28th Grey Cup
| Ottawa Rough Riders | Toronto Balmy Beach Beachers |
| (5–1) | (6–0) |
| 8 | 2 |
| Head coach: Ross Trimble | Head coach: Alex Ponton |
|  | 1 | 2 | 3 | 4 | Total |
| Ottawa Rough Riders | 0 | 1 | 1 | 6 | 8 |
| Toronto Balmy Beach Beachers | 0 | 1 | 1 | 0 | 2 |
- Date: November 30, 1940
- Stadium: Varsity Stadium
- Location: Toronto
- Attendance: 4,998

= 28th Grey Cup =

1940 Canadian Football championship games

The 28th Grey Cup was played as a two-game series with the first game played on November 30, 1940, before 4,998 fans at Varsity Stadium in Toronto. The second game was played on December 7, 1940, with cold weather and snow contributing to a small attendance of 1,700 fans, at Lansdowne Park in Ottawa.
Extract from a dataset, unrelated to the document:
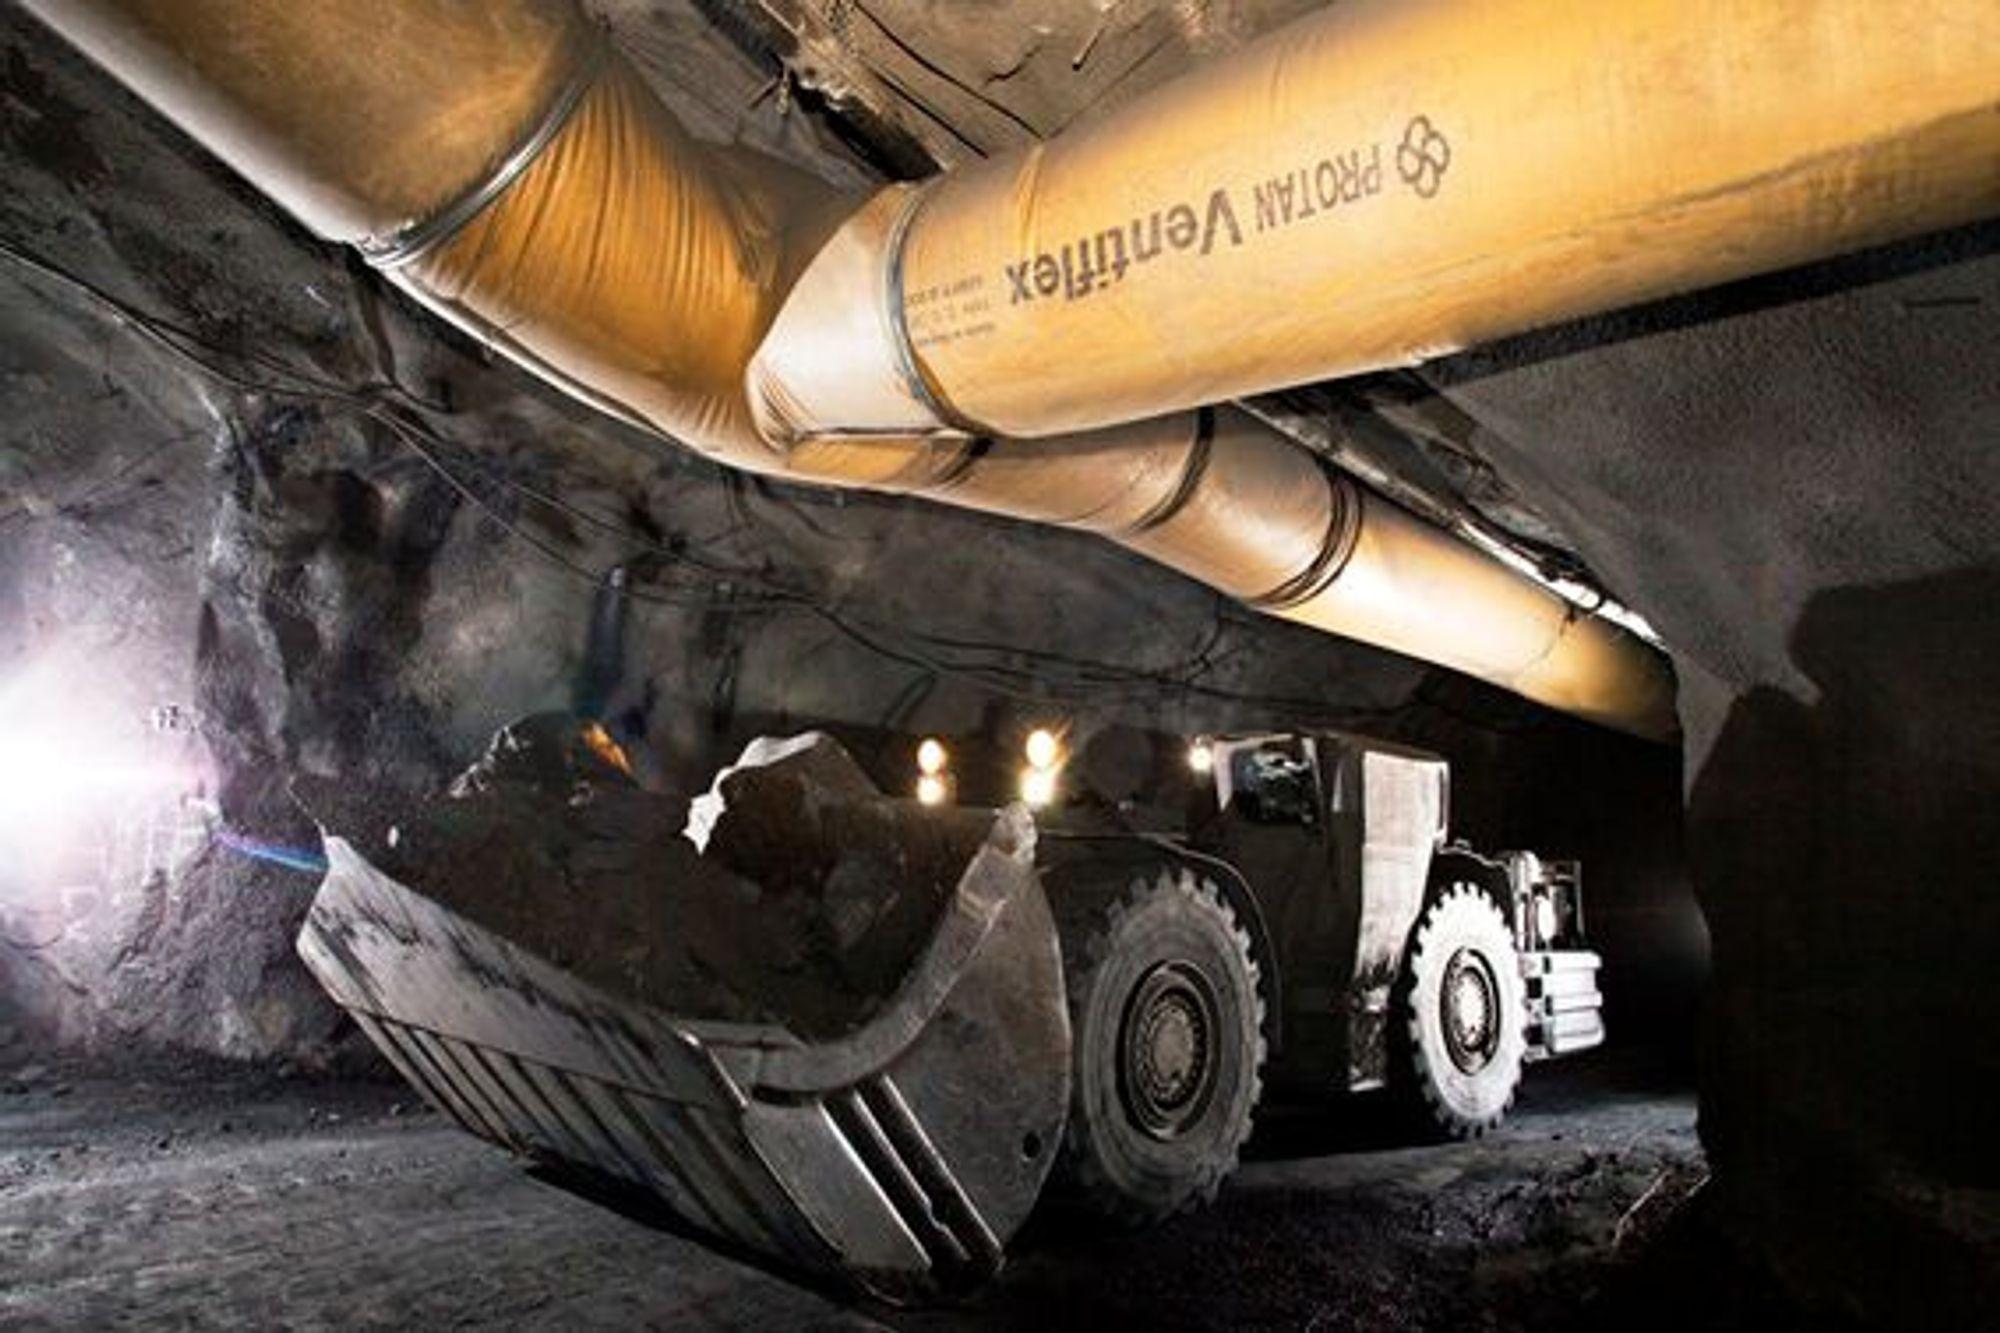 Selskapet Protan leverer PVC-rør som benyttes i tunneler under utgraving. Miljøorganisasjoner reagerer på materialvalget.
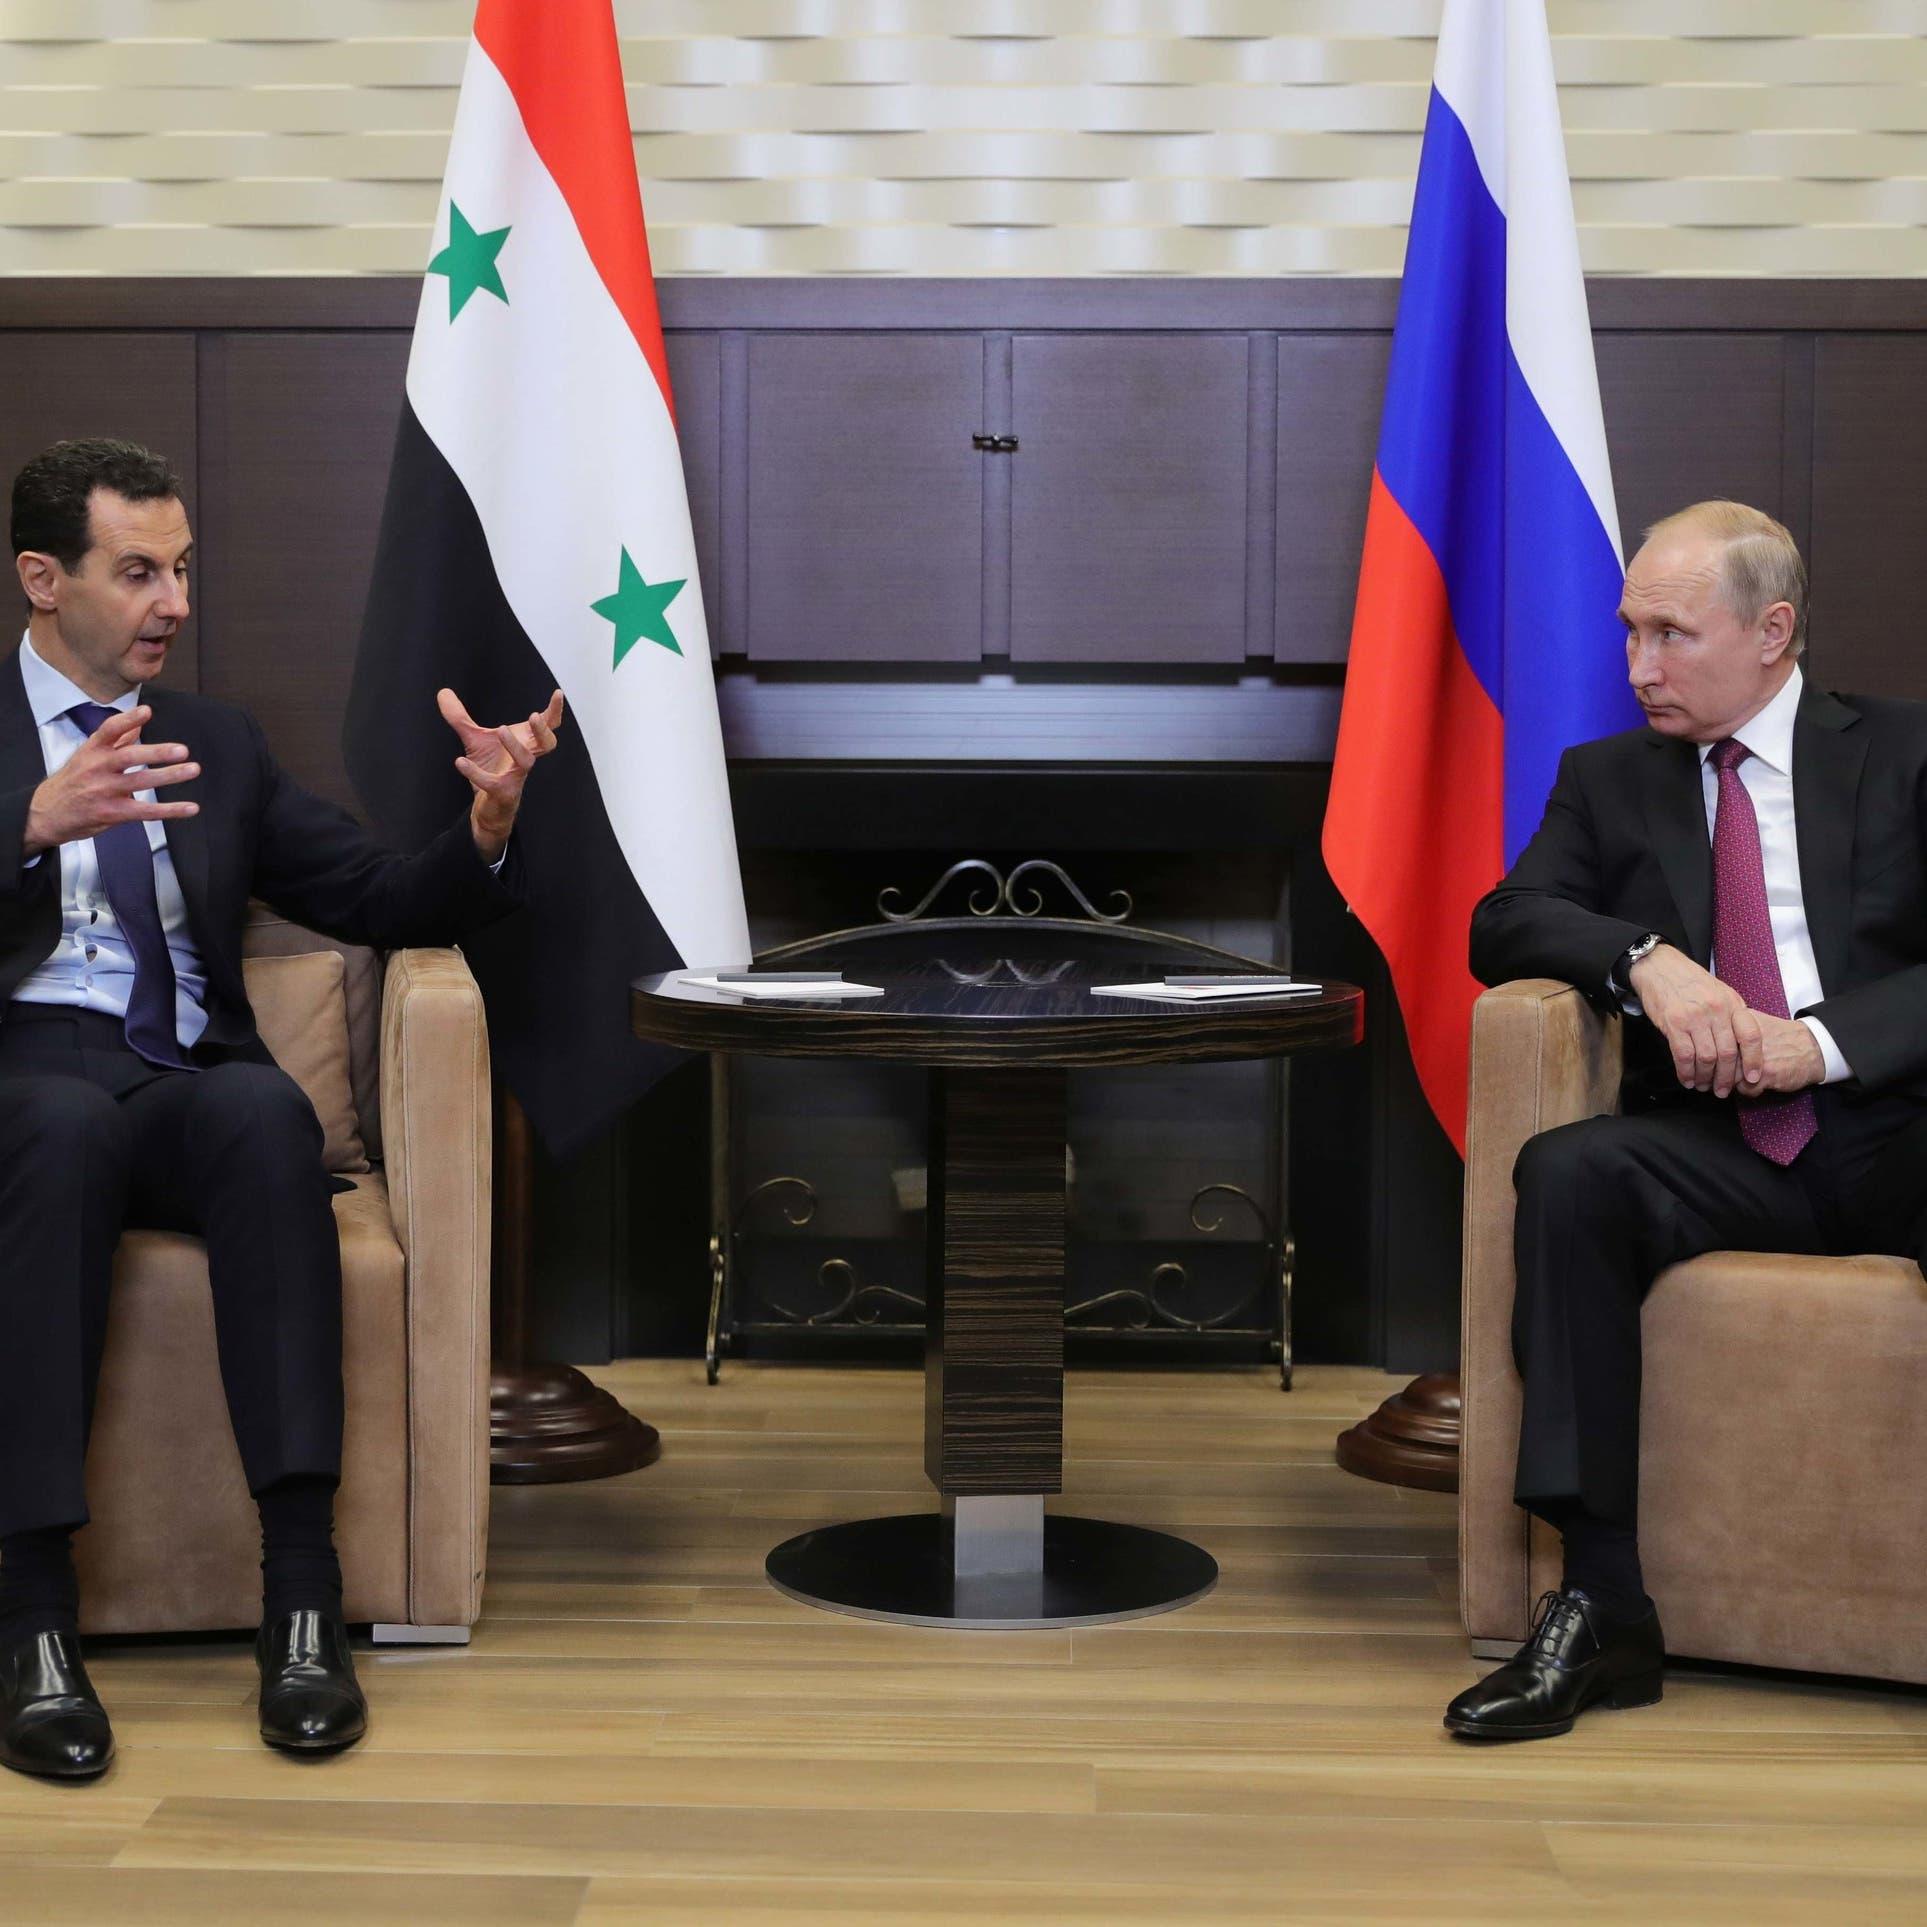 الكرملين: الأسد سافر لروسيا والتقى بوتين بسوتشي

This two-game series format was set up as a result of the Canadian Rugby Union disallowing the Winnipeg Blue Bombers the right to play in the title game due to a rule dispute. Consequently, what would have been the Eastern Final game became a two-game Grey Cup series.

The Ottawa Rough Riders defeated the Toronto Balmy Beach Beachers by a total-points score of 20–7.